By the end of this lesson you will be able to:

Prerequisites & where this fits

You need an AWS account, a basic grasp of DNS (CloudFront gives you a *.cloudfront.net hostname you point your own domain at) and of S3 (the most common origin). Because CloudFront is the front door for security controls, a working understanding of TLS/HTTPS and of how a Web Application Firewall inspects requests will help. If S3 is hazy, read Amazon S3, In Depth first; for the request-routing layer above CloudFront, Amazon Route 53, In Depth covers DNS. This is the content-delivery lesson in the Storage module of the AWS Zero-to-Hero course — it builds on S3 and feeds the edge-architecture, WAF and global-resilience lessons that follow.

Core concepts: the edge network, distributions, origins and behaviours

CloudFront has a small vocabulary, and getting it straight makes everything else fall into place.

A distribution is the top-level CloudFront resource. It has a unique ID (E1ABCDEF2GHIJ), an AWS-assigned domain name (d111111abcdef8.cloudfront.net), and it bundles together your origins, your cache behaviours and all your settings. When you “create a CloudFront”, you create a distribution.

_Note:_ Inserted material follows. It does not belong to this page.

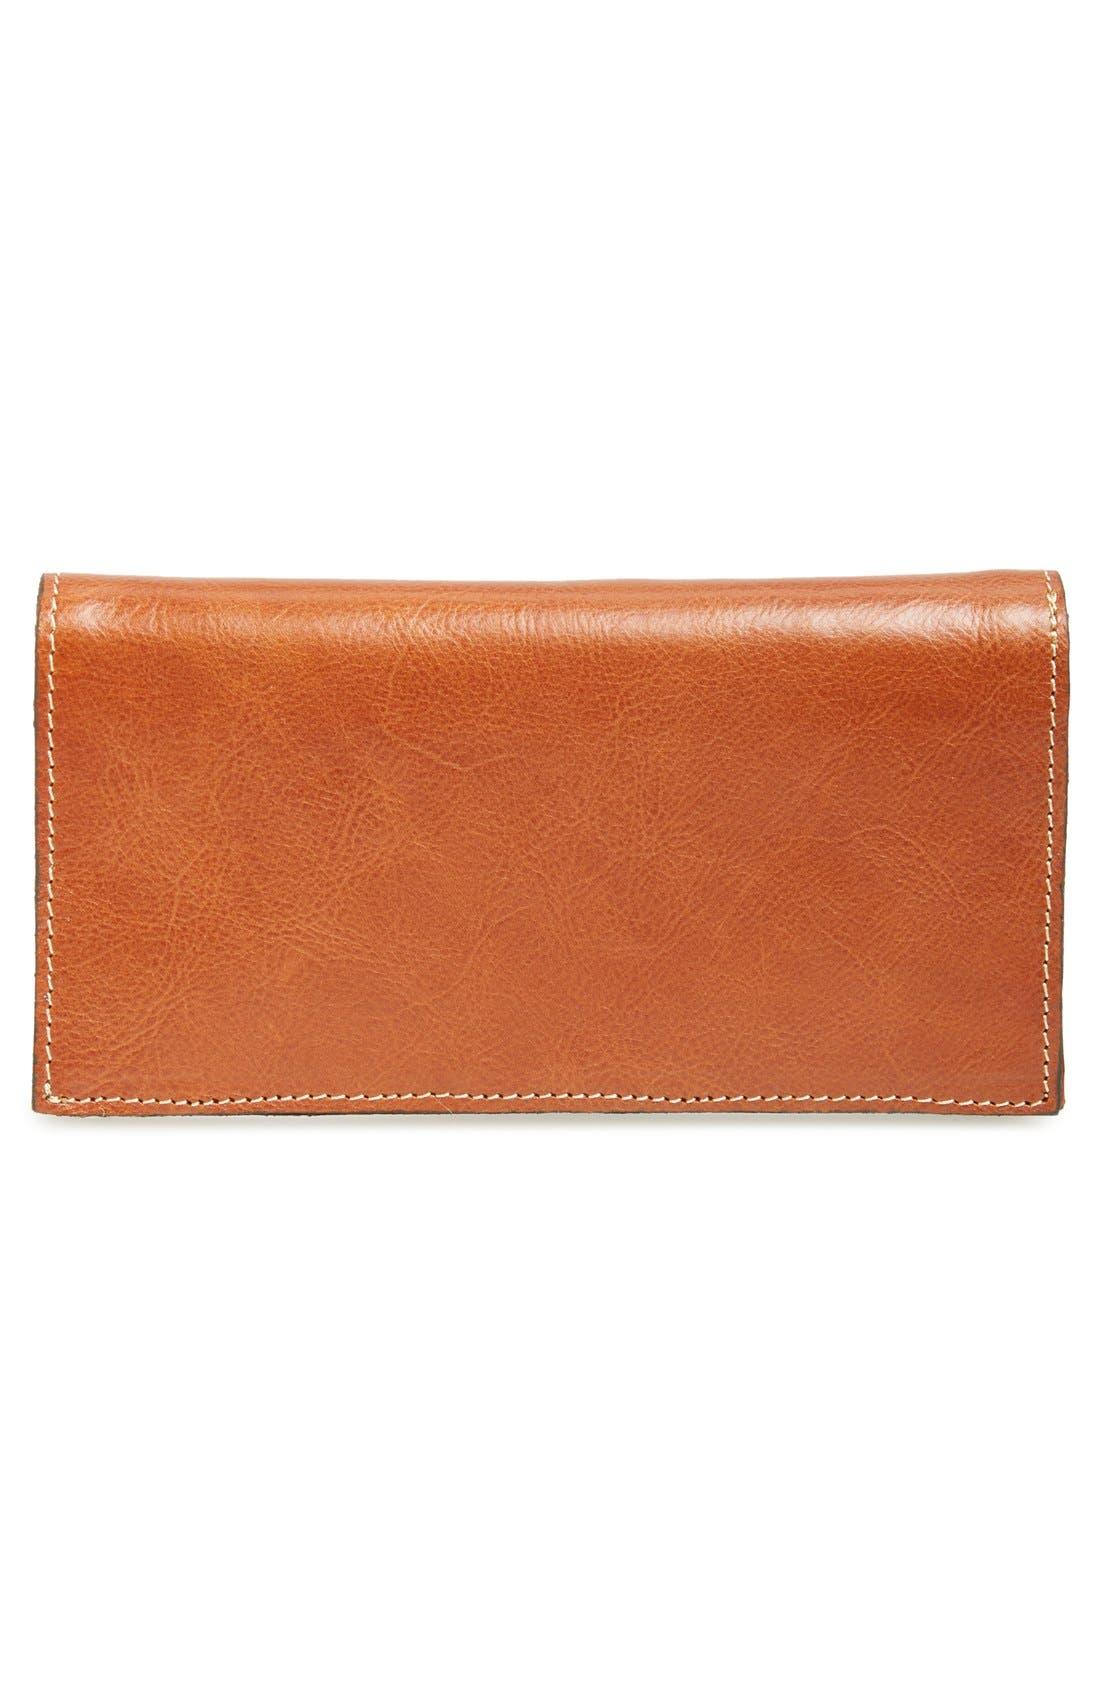 Alternate Image 3  - Patricia Nash 'Varesse' Wallet

A distribution is a global resource — it is not tied to a Region, and you manage it from the us-east-1 control plane regardless of where your users or origins are.

An edge location (a “point of presence”, PoP) is a datacentre where CloudFront caches content close to users. There are 600+ of them worldwide. When a user requests https://d111111abcdef8.cloudfront.net/cat.png, DNS (Anycast) routes them to the nearest healthy edge location, which answers from cache if it can.

A regional edge cache (REC) is a larger, second-tier cache that sits between the edge locations and your origin. A cache miss at an edge does not go straight to the origin — it goes to the regional edge cache first, which has a bigger footprint and a longer retention, so popular-but-not-hot content is often served from the REC without troubling the origin. This tiering is automatic and free; the optional Origin Shield (covered later) adds a third, designated tier in a Region you choose for maximum offload.

An origin is where CloudFront fetches content on a cache miss — an S3 bucket, an Application/Network Load Balancer, an EC2 instance, an API Gateway endpoint, a MediaPackage channel, or any HTTP(S) server anywhere on the internet (it does not have to be in AWS).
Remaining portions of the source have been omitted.